**Given data**
________________________

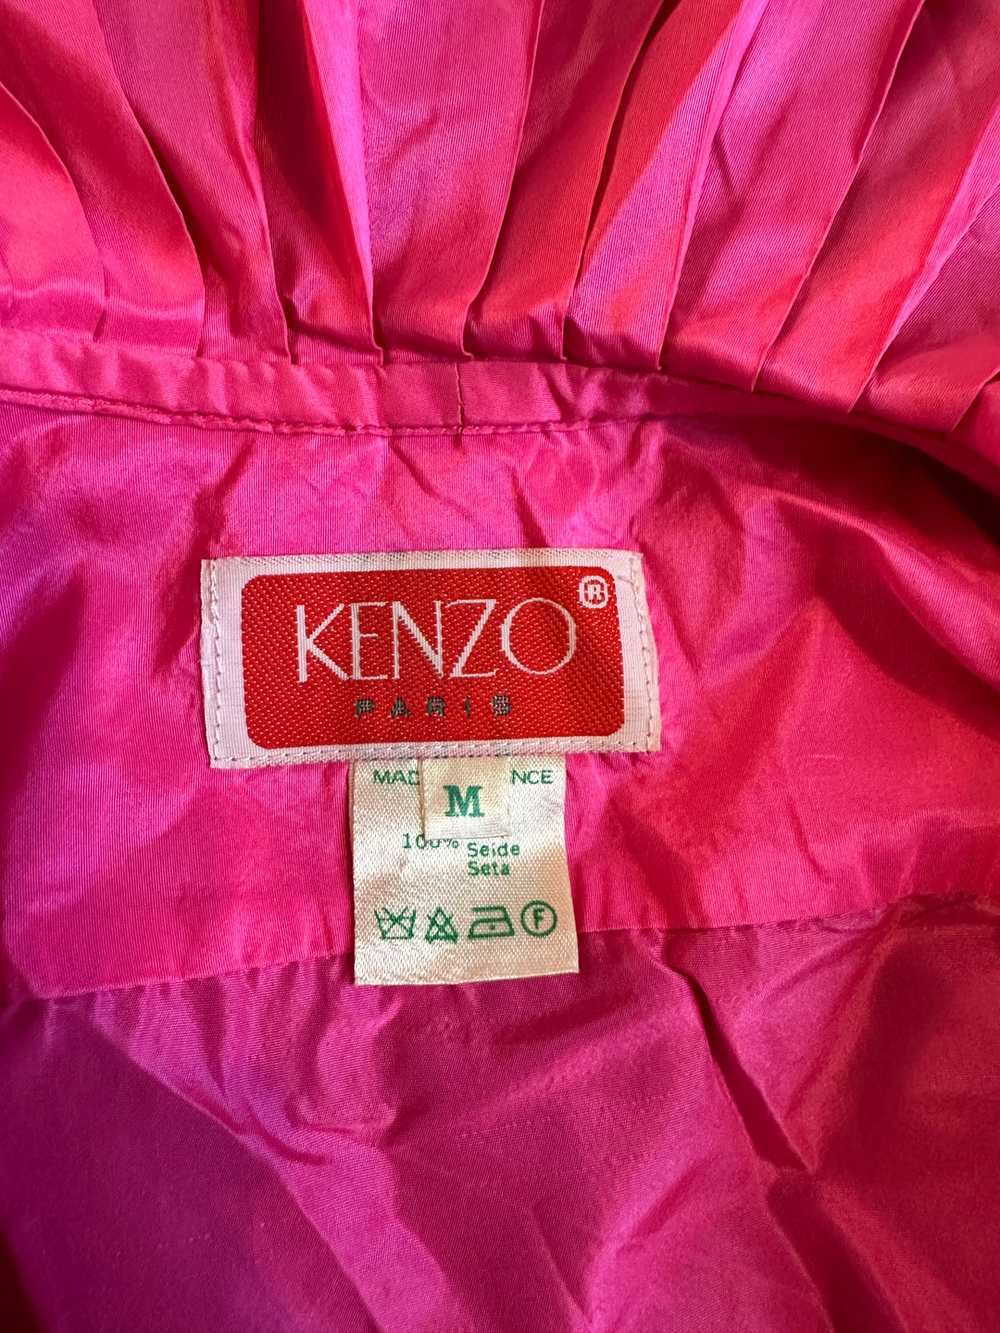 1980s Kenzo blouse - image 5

________________________

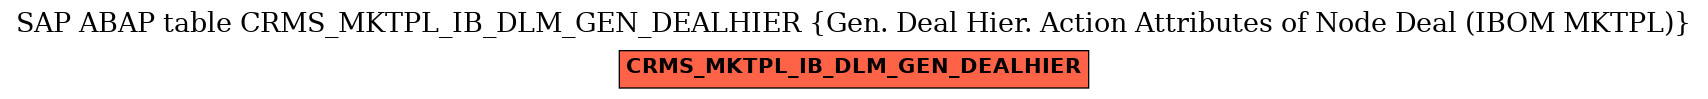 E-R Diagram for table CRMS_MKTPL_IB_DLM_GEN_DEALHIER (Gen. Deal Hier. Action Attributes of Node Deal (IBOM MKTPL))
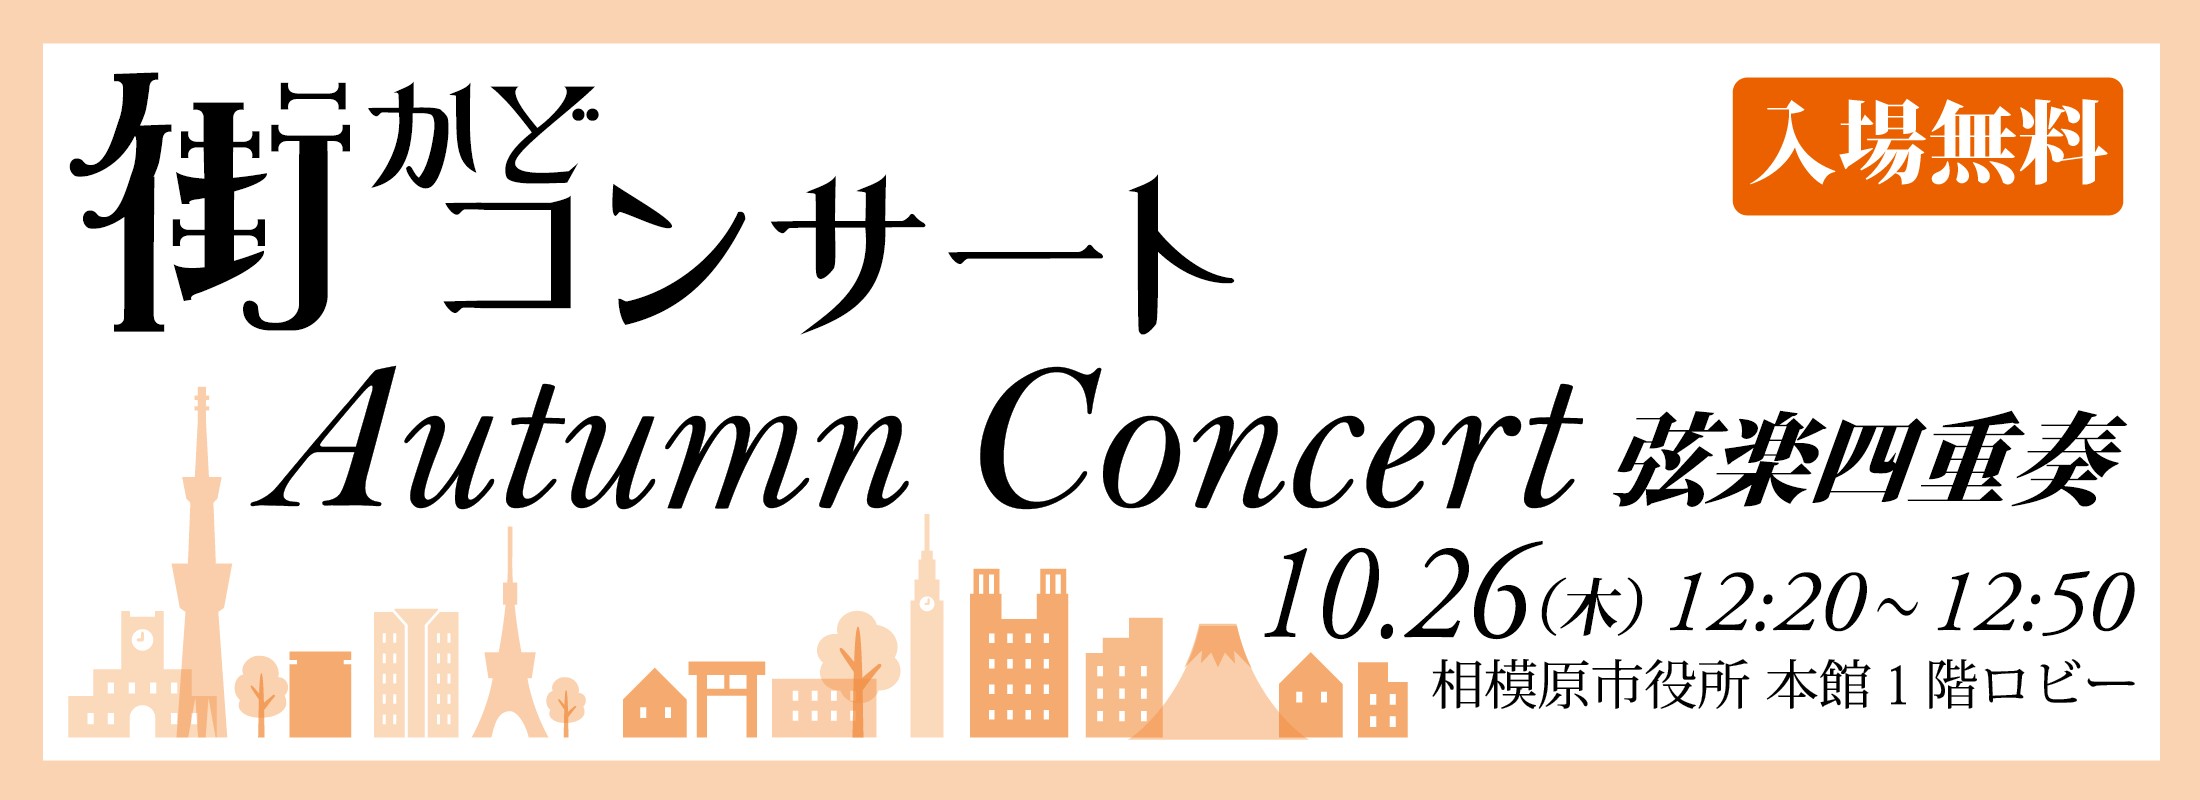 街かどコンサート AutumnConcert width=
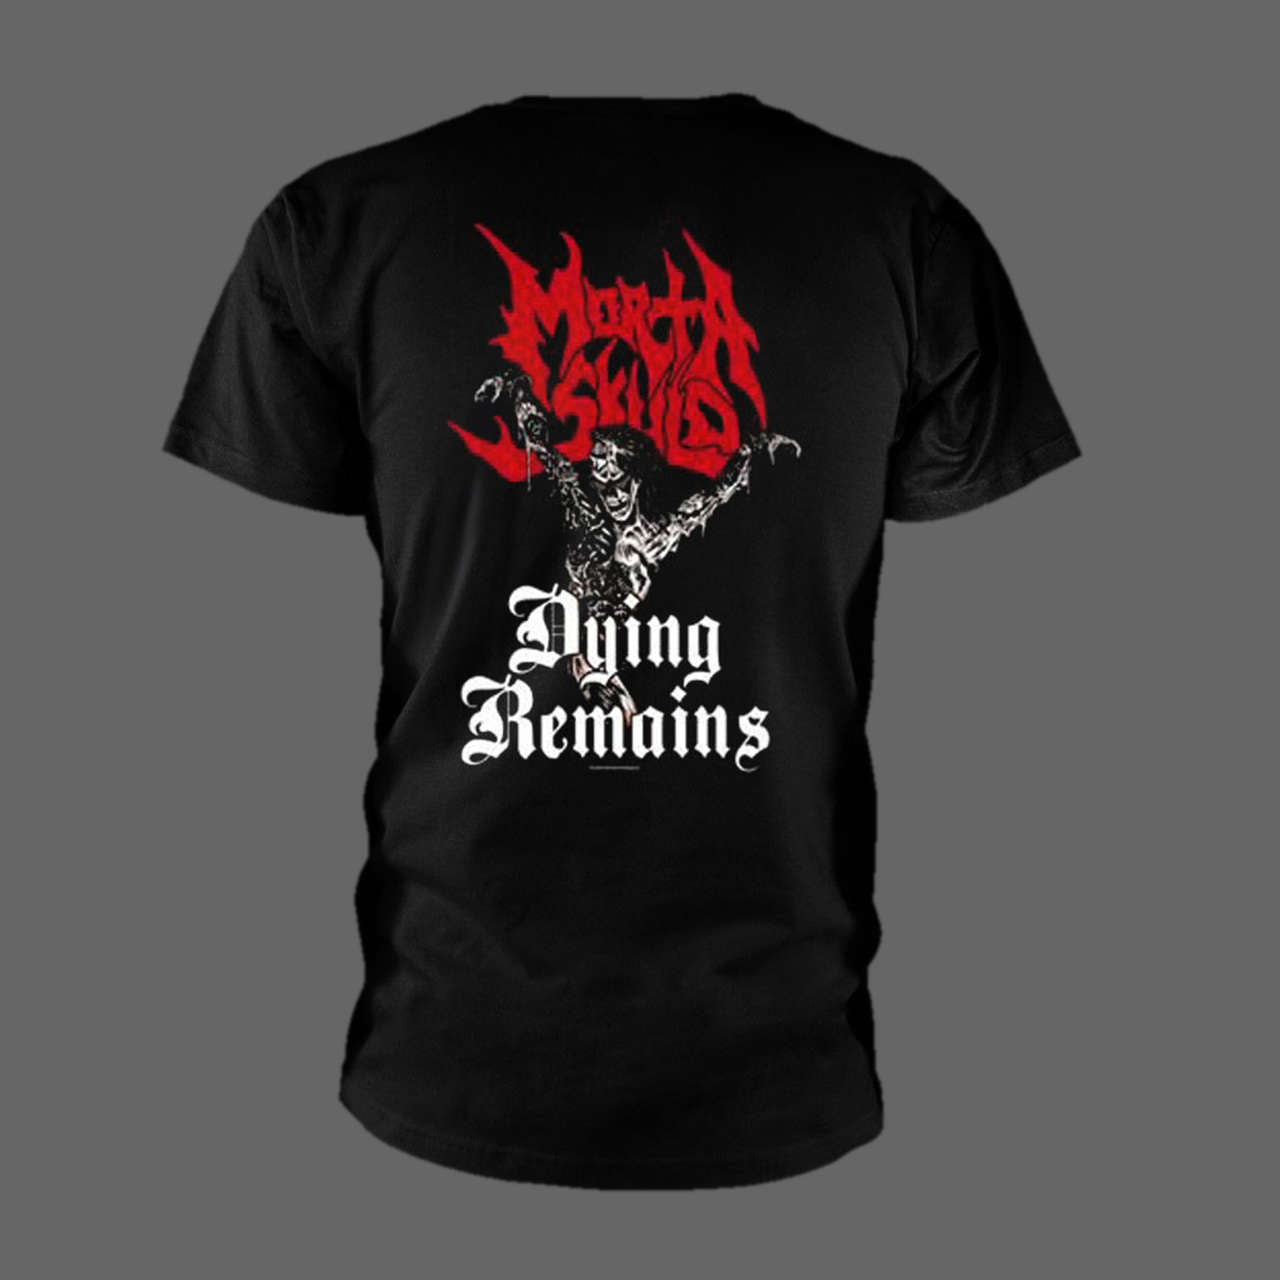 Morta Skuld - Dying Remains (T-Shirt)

________________________

**What is being asked**
In the listing above, the required lines run from the line with "E-R Diagram for" through the line with "Morta Skuld - Dying Remains (T-Shirt)". Output exactly those lines, omitting pictures.

**Solution**
 E-R Diagram for table CRMS_MKTPL_IB_DLM_GEN_DEALHIER (Gen. Deal Hier. Action Attributes of Node Deal (IBOM MKTPL))
 街かどコンサート AutumnConcert width=
 Morta Skuld - Dying Remains (T-Shirt)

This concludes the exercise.